布带从结里滑出来,发出极细的摩擦声,像蛇从干草上爬过去。

她全程盯着我的眼睛。

不躲。不低头。不看我的手。就盯着我的眼睛。

这个反应和沈采完全相反。

沈采第一次不敢看我。

张蕙是不看别处。

她把全部注意力都放在我眼睛上,像在战场上盯住对手的兵器。

手在做什么不重要,眼睛在做什么才重要。

腰带松开了。

她的深蓝短衣从腰部散开,露出里面的白色中衣。

中衣也是窄袖,也是旧的,领口有一道缝补过的痕迹,针脚细密,是她自己补的。

我把她的短衣从肩上褪下来,她抬手配合了一下。

不是顺从的配合,是“反正要脱,我自己来”的配合。

手臂从袖子里退出时,她的肘弯擦过我的手腕。

肘弯的皮肤是全身最软的那块,和她的虎口是两个极端。

短衣落在她脚边。她没去捡,没去叠。沈采会把每一件衣服都叠好,张蕙不叠。衣服脱了就是脱了,她不会在衣服上花多余的动作。

她站在我面前,只穿着中衣和亵裤。

中衣的领口松开了半寸,露出锁骨下方的皮肤。

她的锁骨比沈采宽,也更直,像一字横在肩下。

锁骨上有一根青筋在跳动。

我去解她中衣的系带。手指碰到她胸口正中时,她的胸骨微微一颤。不是怕。是那里的皮肤太薄,碰到了骨膜,触感传得比别处深。

中衣落地。

她的上半身裸了。

很瘦。

不是弱,是精。

每一寸肉都长在该长的地方。

肩膀比寻常妇人宽半指,肱骨外侧有一条细细的肌肉线条,从肩头延伸到肘弯。

乳房不大,形是圆的,乳尖是深褐色,微微上翘。

肋骨最下面一根隐约可见,不是瘦出来的,是练武的人呼吸深,肋间肌常年收束,把那一带的脂肪压薄了。

她的肚脐左下方有一块淡黄色的淤青。不是新伤,边缘已经模糊了,正在散。

“怎么弄的。”

“骑马。鞍桥磕的。”

“什么时候。”

“前天。”

前天是她丈夫决定把她送来的那天。她出去骑了马。不是散心,是把自己颠到浑身散架,才回来面对这件事。

她忽然动了。

不是后退,是抬手。

她把我腰上的带钩解开了,动作比我快得多。

不是熟,是干脆。

带钩弹开的一瞬她看了我一眼,那个眼神在说:你做我也做。

我的外衣被她解开。

她的手探进我中衣里的时候,指节上的茧擦过我肋骨。

触感粗糙,硬。

她没留指甲,修剪得很短。

不是为弹琴,是为拉弓。

拉弓的人不留指甲,因为指甲会挂弦。

她的手停在我小腹左侧。

停在那道箭疤上。

她的手指比我认识的任何一个女人都准确。

不是摸,是量。

她用手指量我箭疤的长短:食指从疤的上端量到下端,中指跟上,两指并拢。

她的手指没有误差。

她太熟悉箭疤了——她自己身上也有一道。

所以她不用看就能量出来。

“弩箭。”她说。

“是。”

“三年前的。”

“你怎么知道。”

“弩箭进去的口子比箭簇小,皮会往内卷。你这个疤边缘往内翻了半圈。是弩,不是弓。”

她说话时手指还按在疤上。

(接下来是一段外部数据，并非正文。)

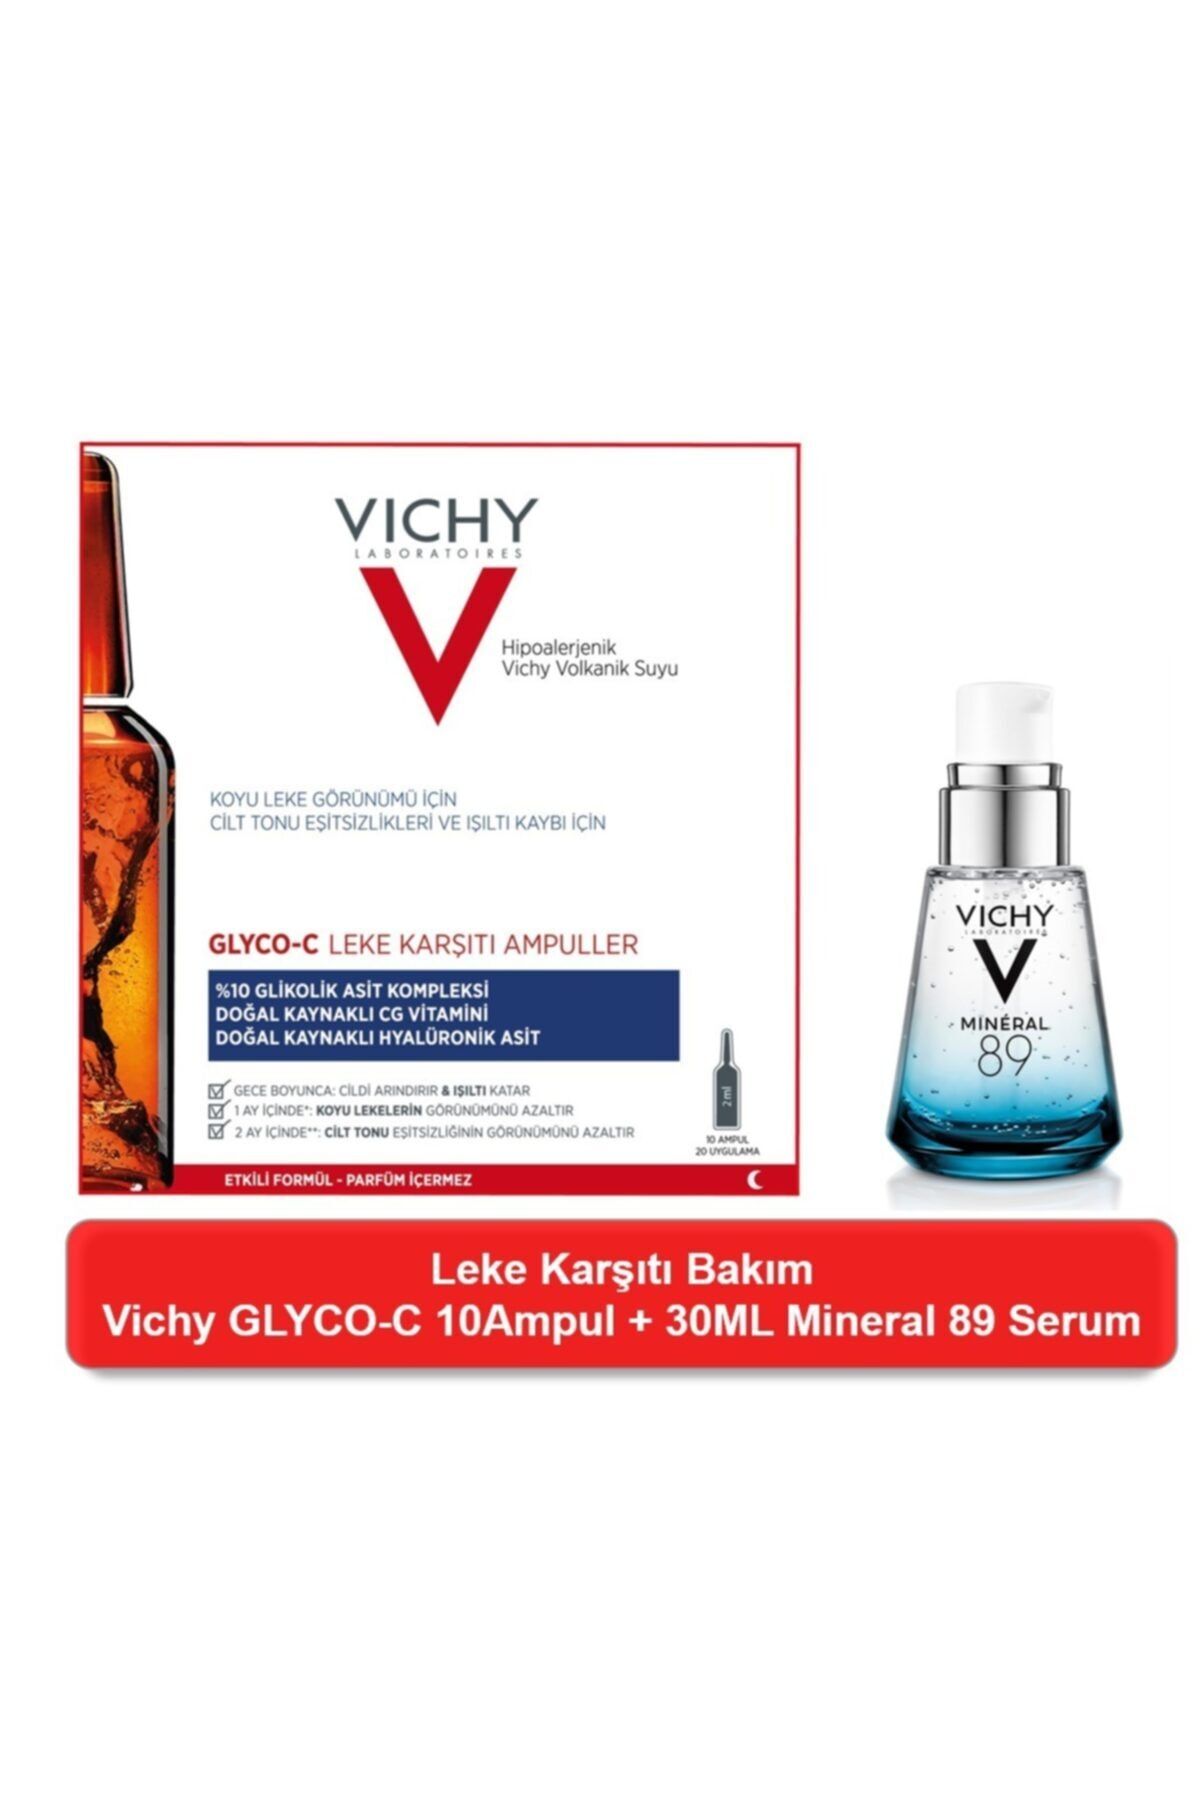 Vichy Glyco-c Leke Karşıtı 10 Ampul+ Vıchy Mıneral 89 30 ml

不轻不重,像在按一份军报上的火漆封印。

我把她推倒在榻上。

她倒下时用手肘撑住了上半身,没有完全躺平。

她的头发铺在竹席上。

张郃家的竹席和我的不一样,旧的,已经睡出了包浆,竹片之间的缝隙比我的宽,夹住了她的头发。

她甩了一下头把头发扯出来,那个动作像马甩鬃。

我压上去。她用手肘撑住我的胸口。

不是推。是留距离。

半寸。她撑住我,我们的脸隔着半寸。她的鼻尖差一点碰到我的上唇。呼吸搅在一起。她的呼吸是热的,带着刚才那口冷茶的微甜。

“丞相,”她压低声音,“我不是沈氏。”

这句话让我眼睛眯了一下。

她知道沈采。

她当然知道。

许都这个圈子里,哪个女人被送进了丞相府,不出三天就会在所有人嘴里传遍。

但她不是在比较,不是在吃醋。

她在告诉我:不要用对待沈采的方式对待我。

“我没打算把你当沈氏。”

她松开了手肘。我倒在她身上。

她的身体比我想象中热。那么瘦的人应该凉一些,但她不凉。她的体热是往外的,像一块晒了一下午太阳的青石板。

我进入她。

那一刻她的身体终于不再受控。

她内部比沈采紧得多,不是紧张,是天生。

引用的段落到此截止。